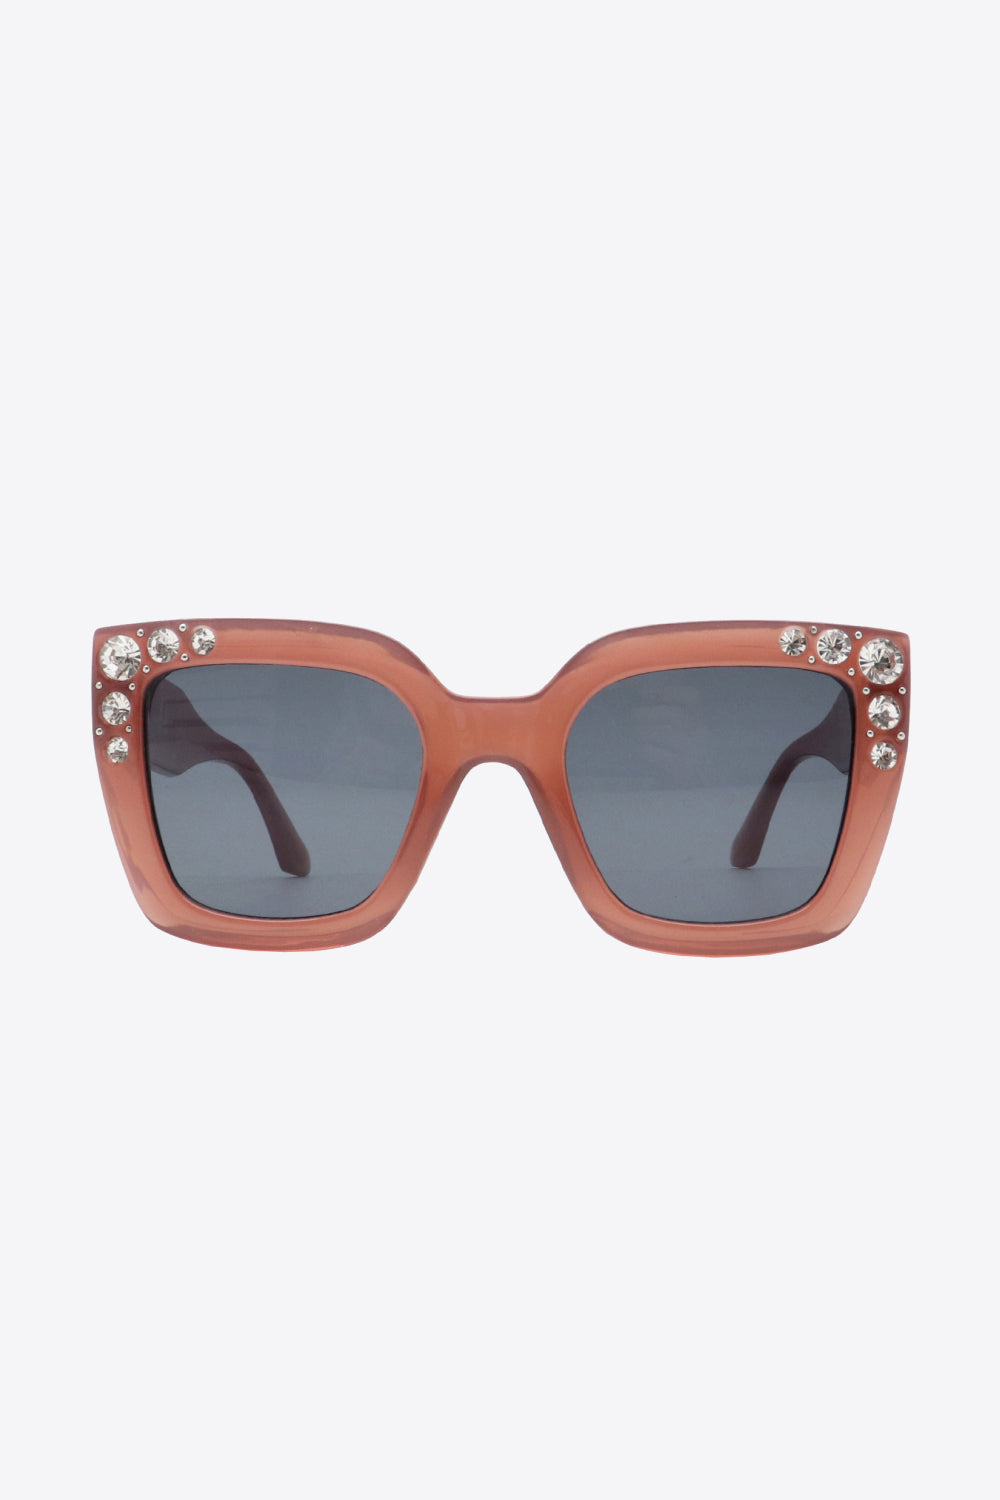 Inlaid Rhinestone Sunglasses
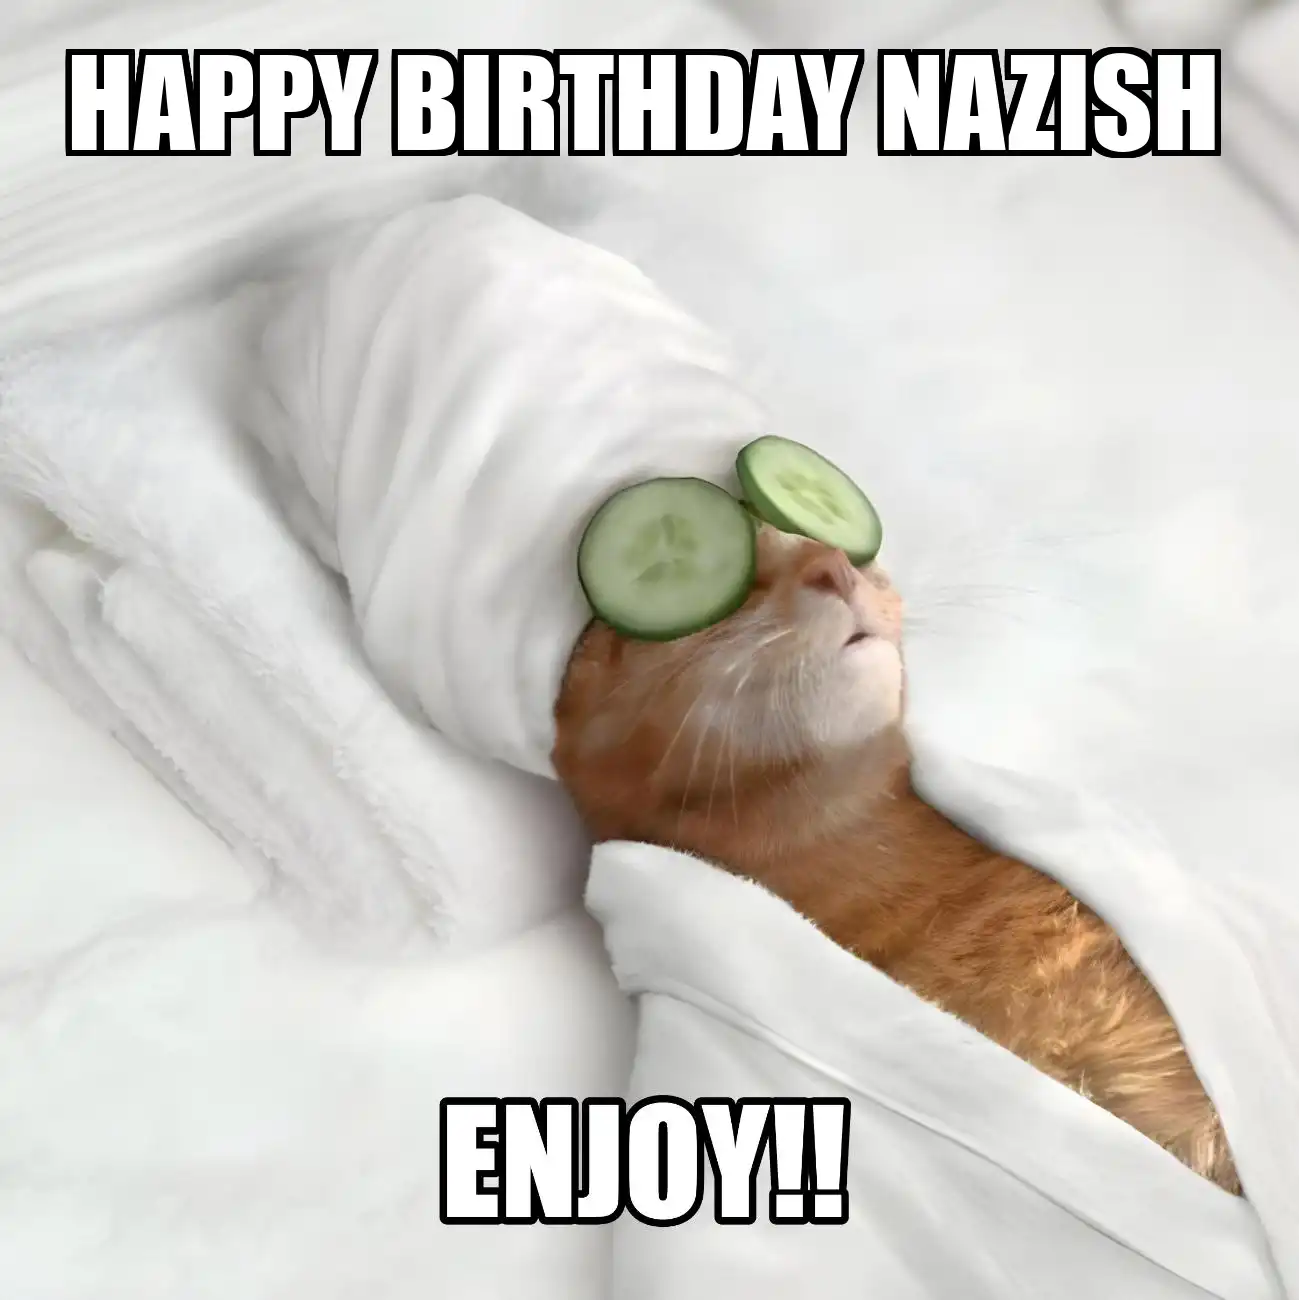 Happy Birthday Nazish Enjoy Cat Meme
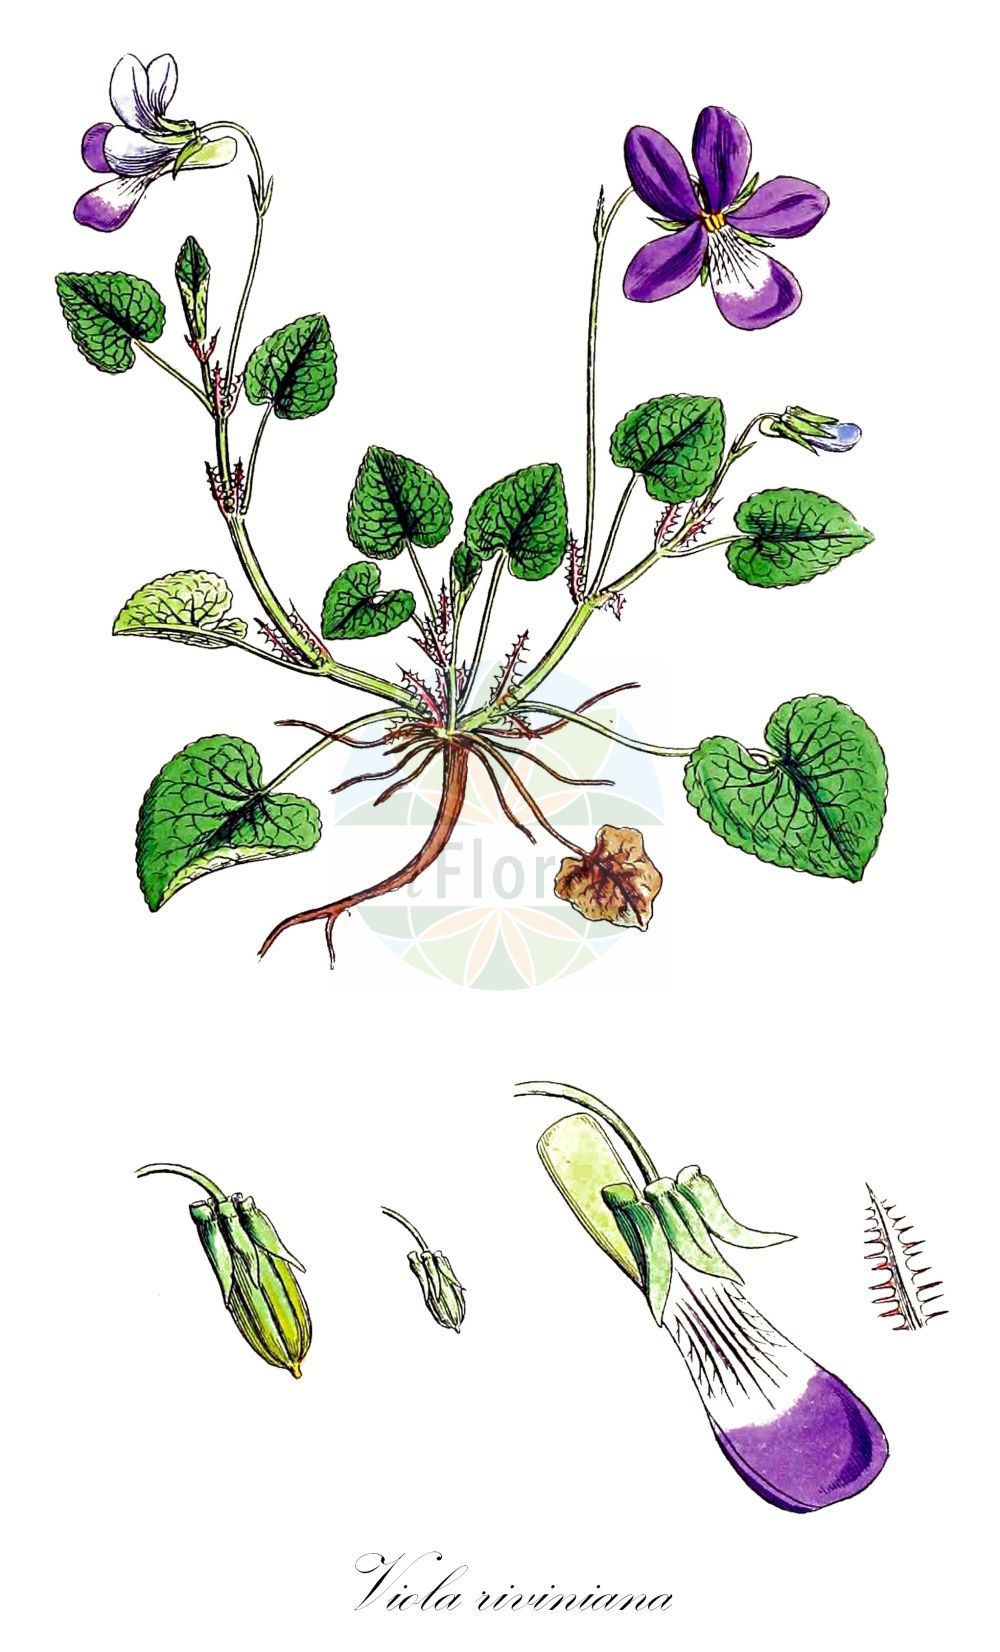 Historische Abbildung von Viola riviniana (Hain-Veilchen - Common Dog-violet). Das Bild zeigt Blatt, Bluete, Frucht und Same. ---- Historical Drawing of Viola riviniana (Hain-Veilchen - Common Dog-violet).The image is showing leaf, flower, fruit and seed.(Viola riviniana,Hain-Veilchen,Common Dog-violet,Viola caniniformis,Viola insularis,Viola sylvestris subsp. riviniana,Rivinius-Veilchen,Viola,Veilchen,violet,Violaceae,Veilchengewaechse,Violet family,Blatt,Bluete,Frucht,Same,leaf,flower,fruit,seed,Sowerby (1790-1813))
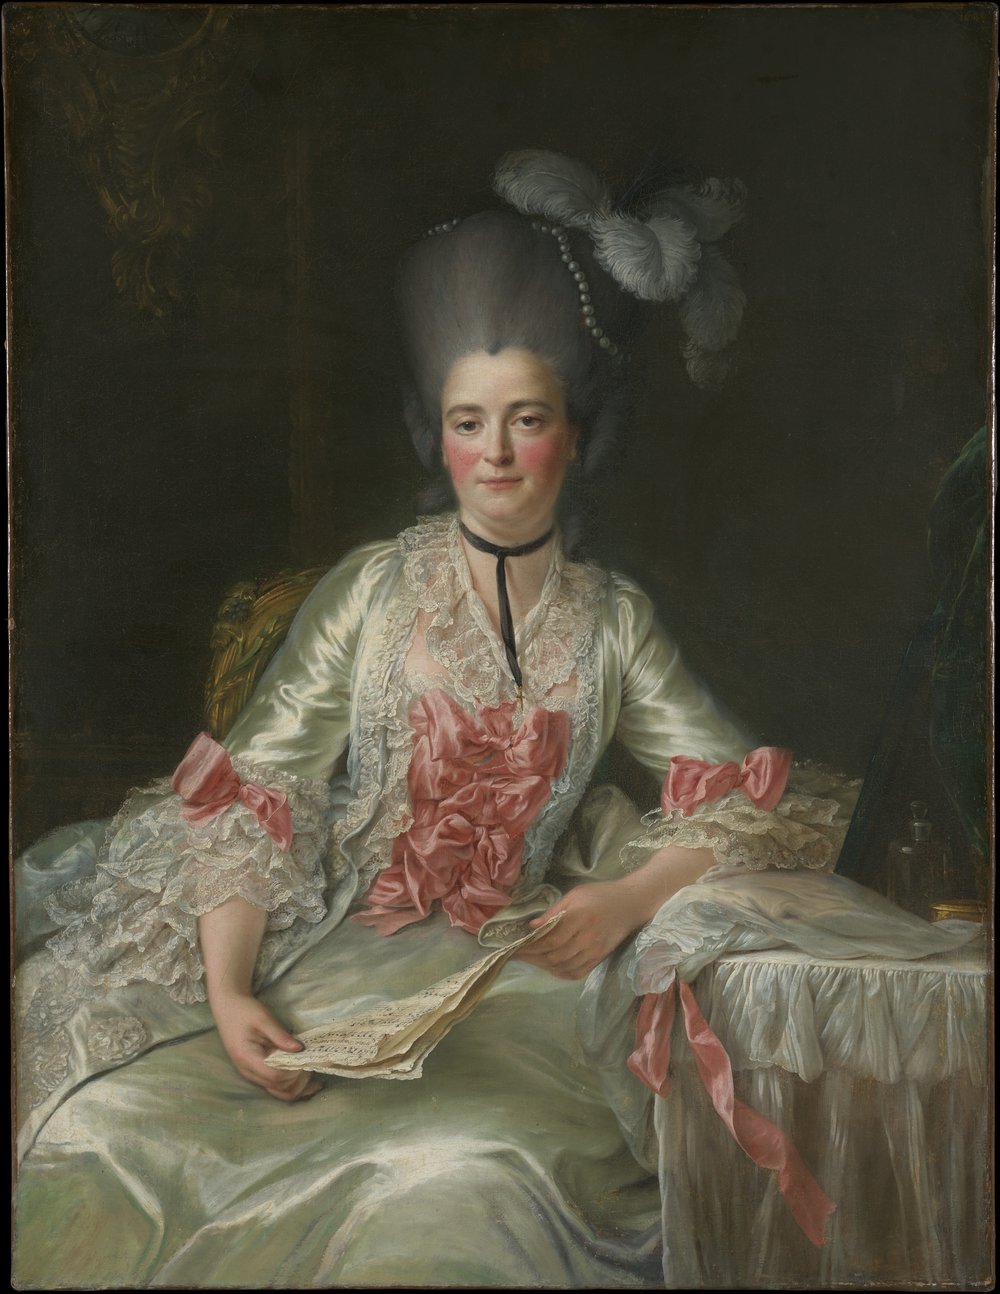 François Hubert Drouais, Marie Rinteau, Called Mademoiselle de Verrières, 1761. Oil on canvas. The Metropolitan Museum of Art, New York, the Jules Bache Collection, 1949, 49.7.47. Cat. 80.
- - -
ACTION ITEM: Output nothing but an exact retyping of the material, pictures excluded.

COMPLETED EXERCISE:
 Inlaid Rhinestone Sunglasses
 Happy Birthday Nazish Enjoy Cat Meme
 Historische Abbildung von Viola riviniana (Hain-Veilchen - Common Dog-violet). Das Bild zeigt Blatt, Bluete, Frucht und Same. ---- Historical Drawing of Viola riviniana (Hain-Veilchen - Common Dog-violet).The image is showing leaf, flower, fruit and seed.(Viola riviniana,Hain-Veilchen,Common Dog-violet,Viola caniniformis,Viola insularis,Viola sylvestris subsp. riviniana,Rivinius-Veilchen,Viola,Veilchen,violet,Violaceae,Veilchengewaechse,Violet family,Blatt,Bluete,Frucht,Same,leaf,flower,fruit,seed,Sowerby (1790-1813))
 François Hubert Drouais, Marie Rinteau, Called Mademoiselle de Verrières, 1761. Oil on canvas. The Metropolitan Museum of Art, New York, the Jules Bache Collection, 1949, 49.7.47. Cat. 80.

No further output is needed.